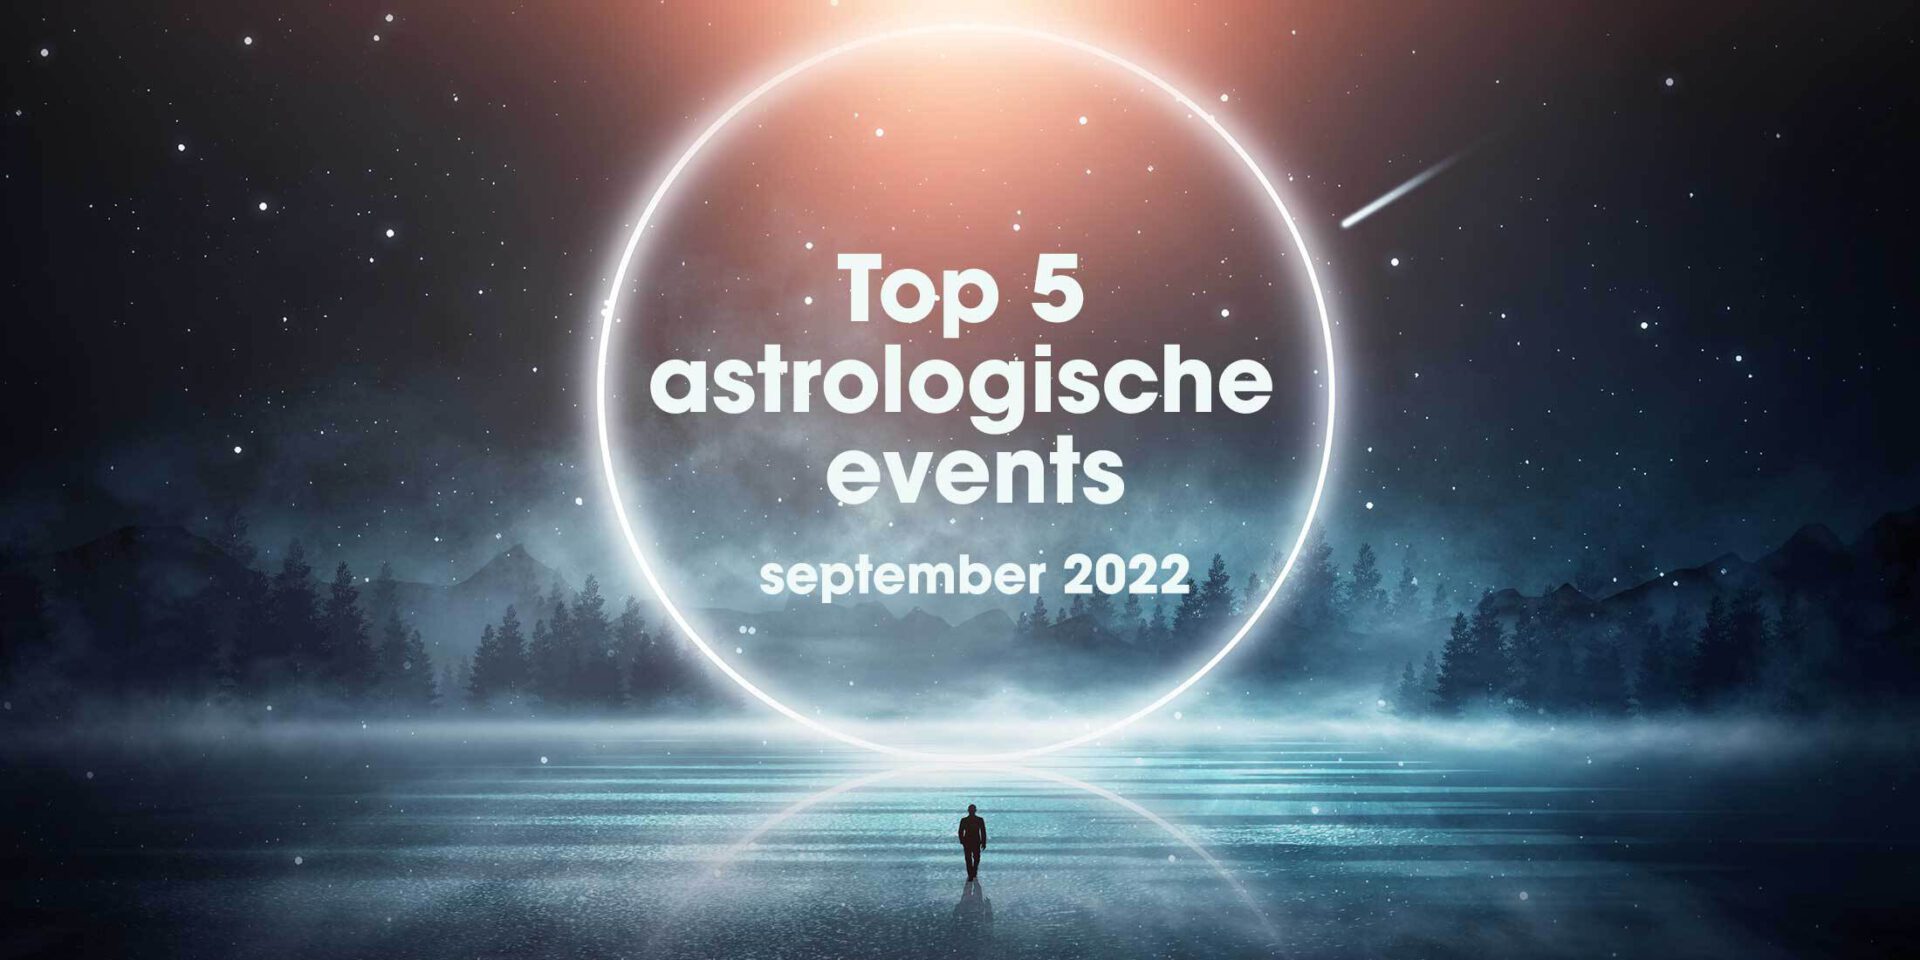 Top 5 astrologische transits en events in september 2022
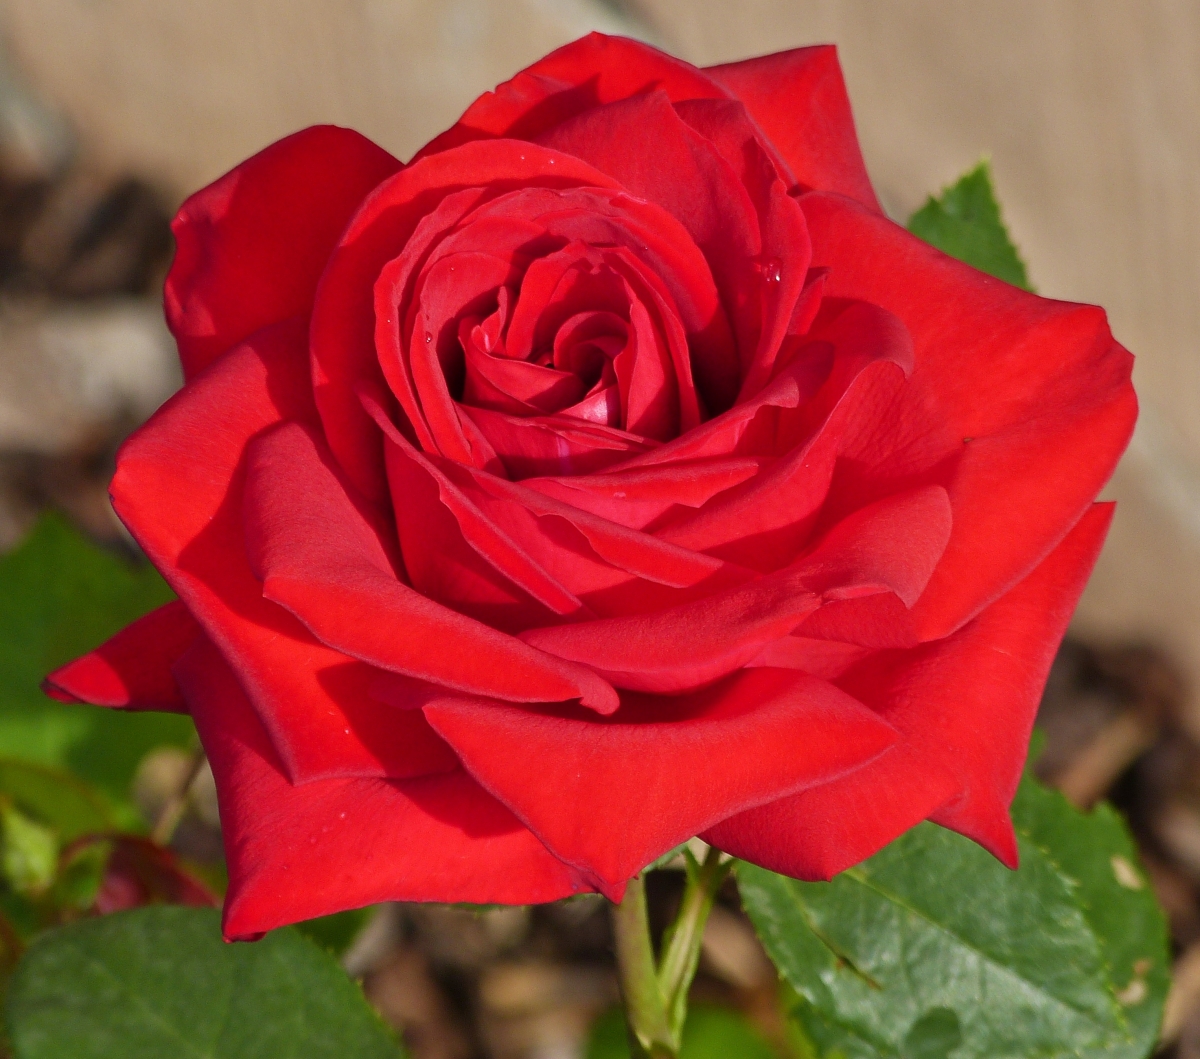 Rosenblüte in unserem Vorgarten. 26.06.2021
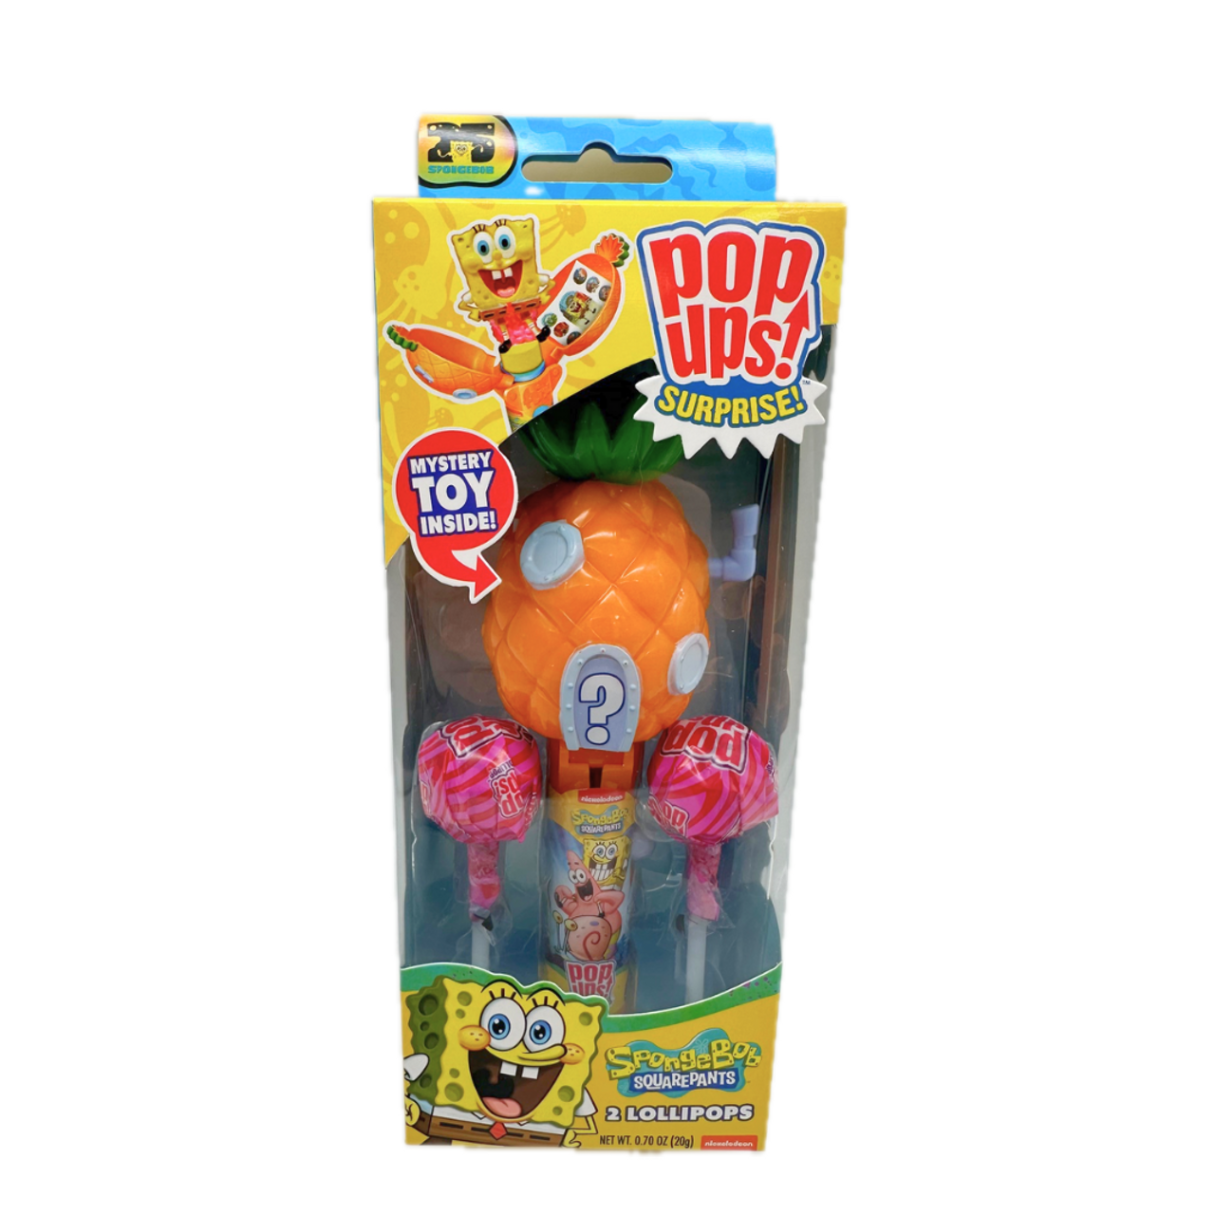 Flix SpongeBob Squarepants Pop Ups Surprise Lollipop 0.70oz - 12ct

::::::::::

Activity
Without the pictures, write out the listing exactly as it appears above.

Exercise response
 Top 5 astrologische transits en events in september 2022
 Rosenblüte in unserem Vorgarten. 26.06.2021
 Flix SpongeBob Squarepants Pop Ups Surprise Lollipop 0.70oz - 12ct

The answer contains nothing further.